The only practical and logical answer to this question, in the short, medium and long-term, is encouraging people to come and live in Scotland. And that’s why it is absolutely imperative that Holyrood is given the powers to create an immigration policy that will suit our distinct and pressing needs.

First Minister Nicola Sturgeon has rightly been banging this drum for the last 16 months, with cross-party committees at both Holyrood and Westminster backing the idea in principle. Don’t get me wrong, it would no doubt be problematic to have different immigration policies in different parts of the UK. But it’s certainly not impossible, and since Scotland voted overwhelmingly to remain in the EU, and thus support free movement, it is an entirely legitimate demand.
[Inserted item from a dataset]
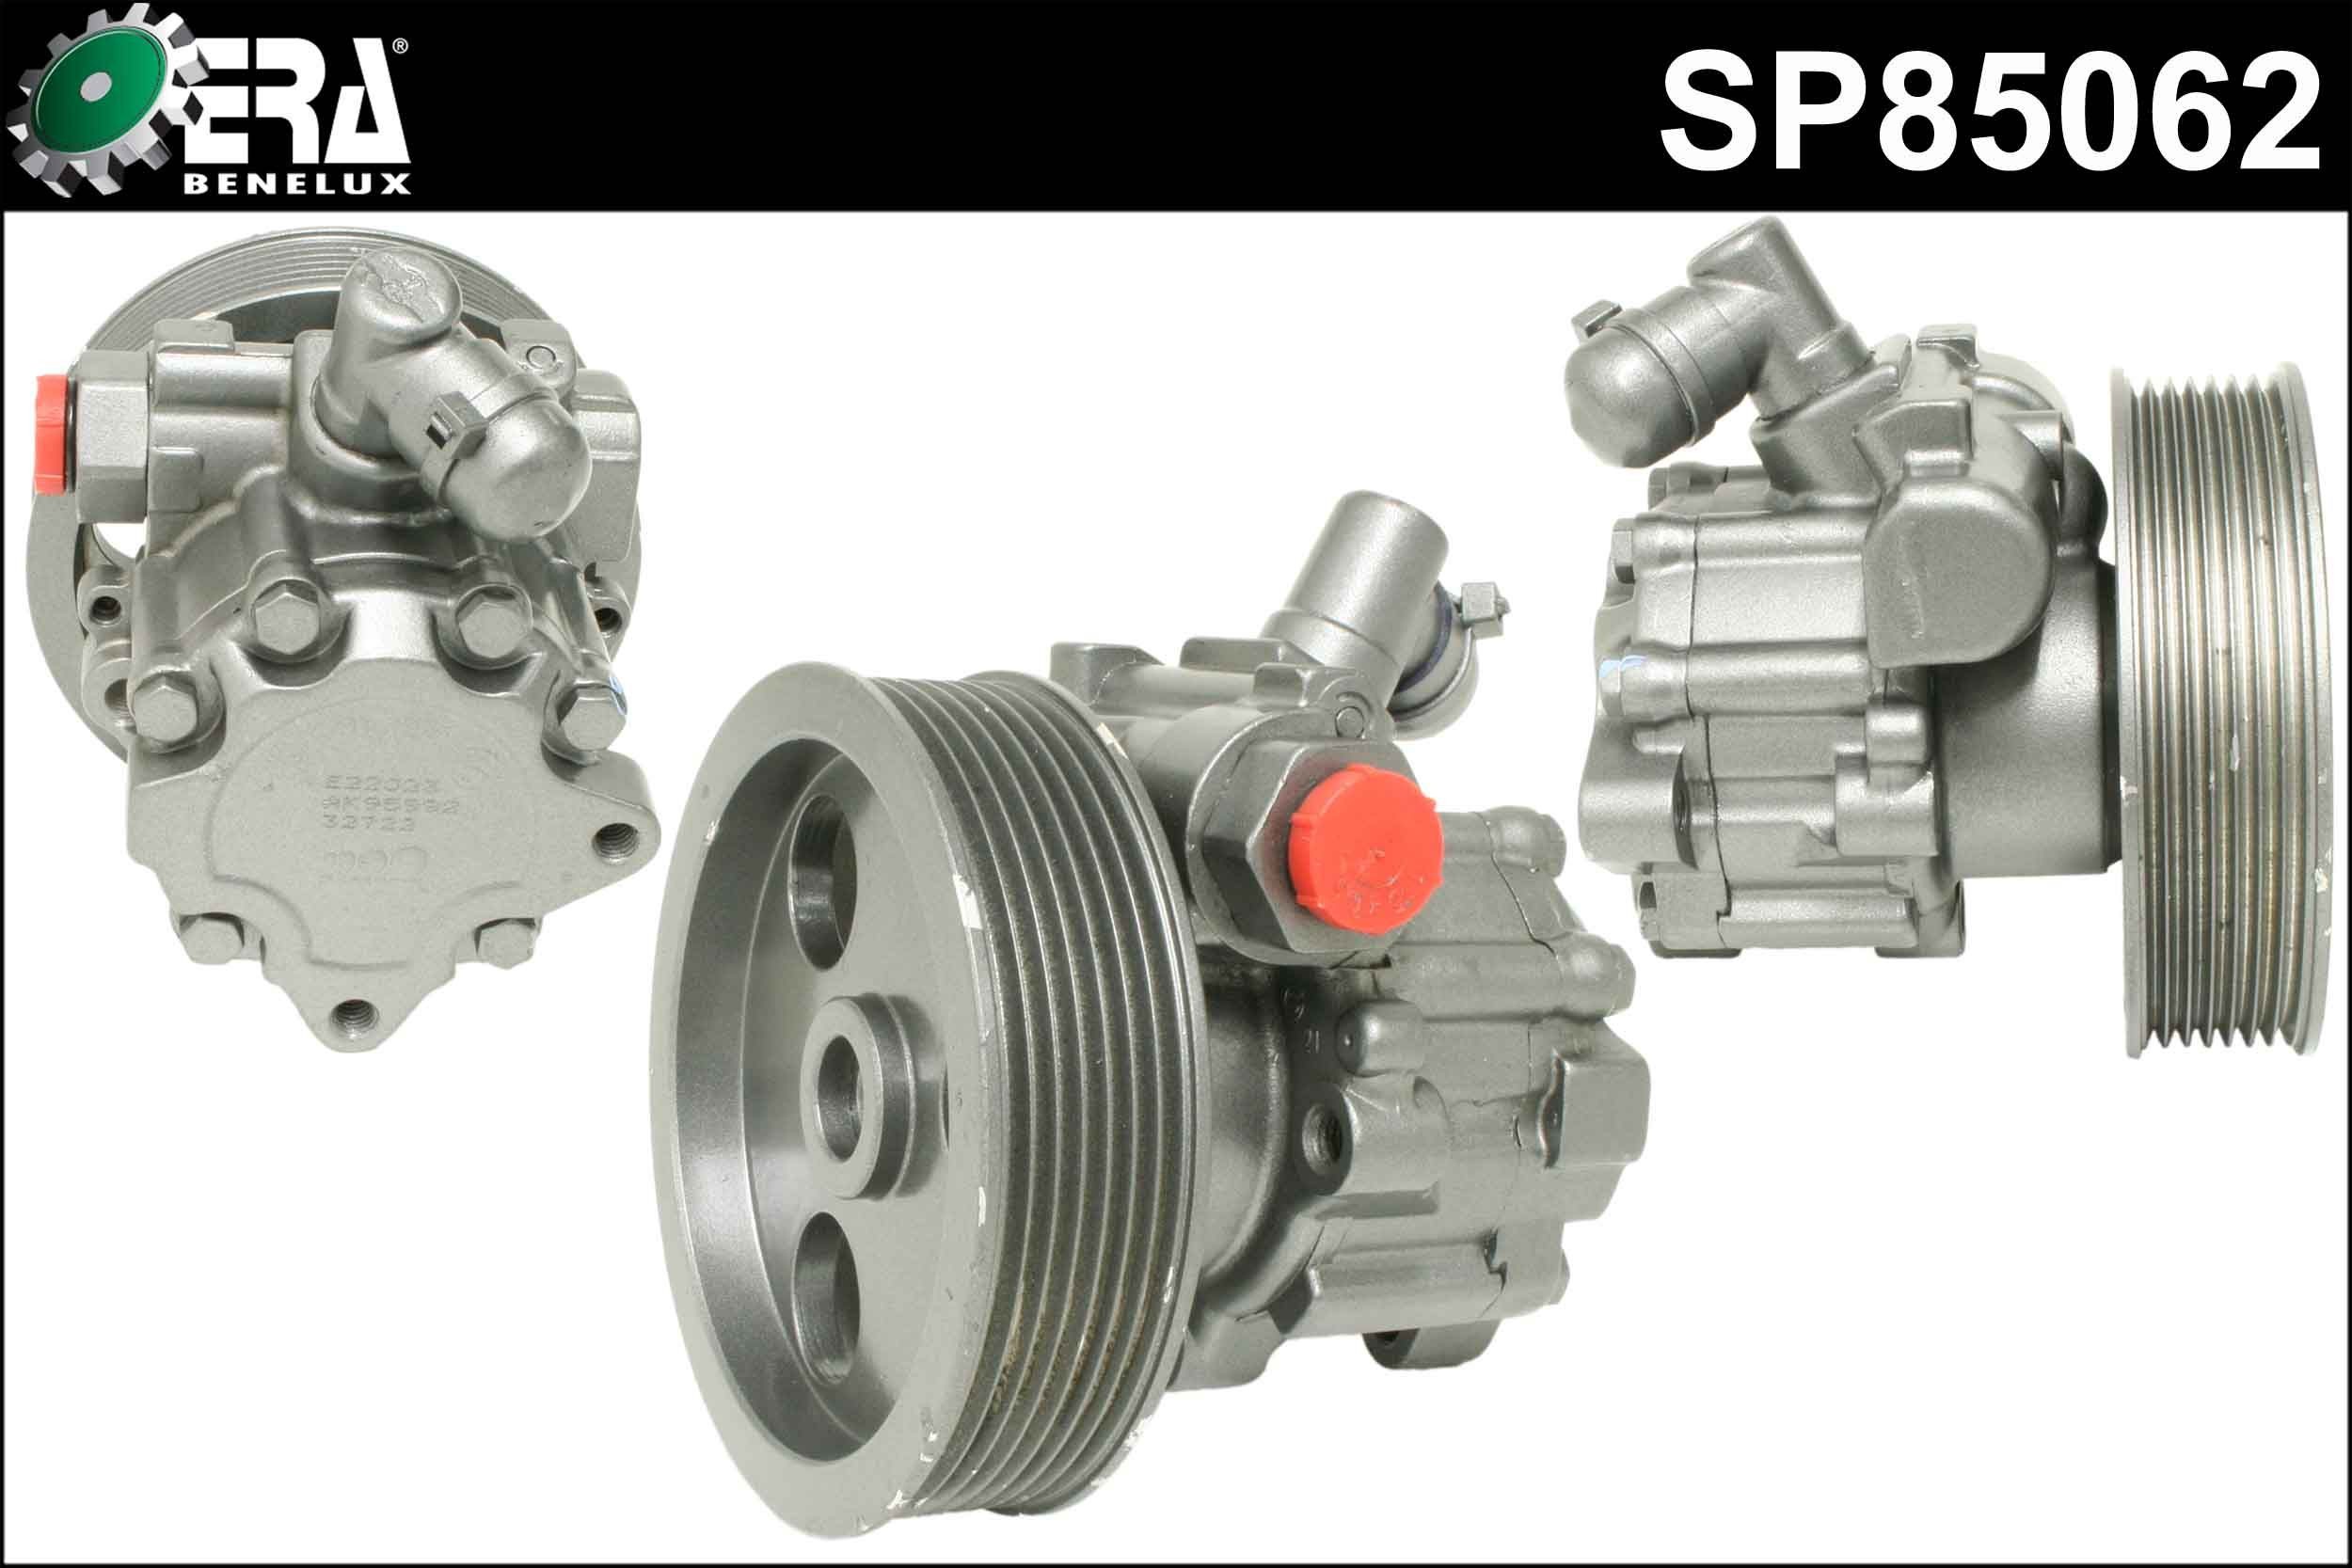 ERA Benelux SP85062 Steering pump W164 ML 320 CDI 4-matic 211 hp Diesel 2011 price

There appears, then, to be cross party support. But what has been sorely lacking from the debate is any sign from the Scottish Conservatives that they are willing to put the needs of the economy above the increasingly disastrous political strategies and objectives of their awful Westminster colleagues. Indeed, neither leader Ruth Davidson nor Scottish Secretary David Mundell has done anything concrete to further Scotland’s case, despite laughable claims to represent the business community.

If they continue to stand by and let Mrs May knowingly, willingly ride roughshod over Scotland’s economic interests in such a pernicious and obvious way, then the union they all claim to value above all - the UK - truly lies in tatters. Over to you, Ruth.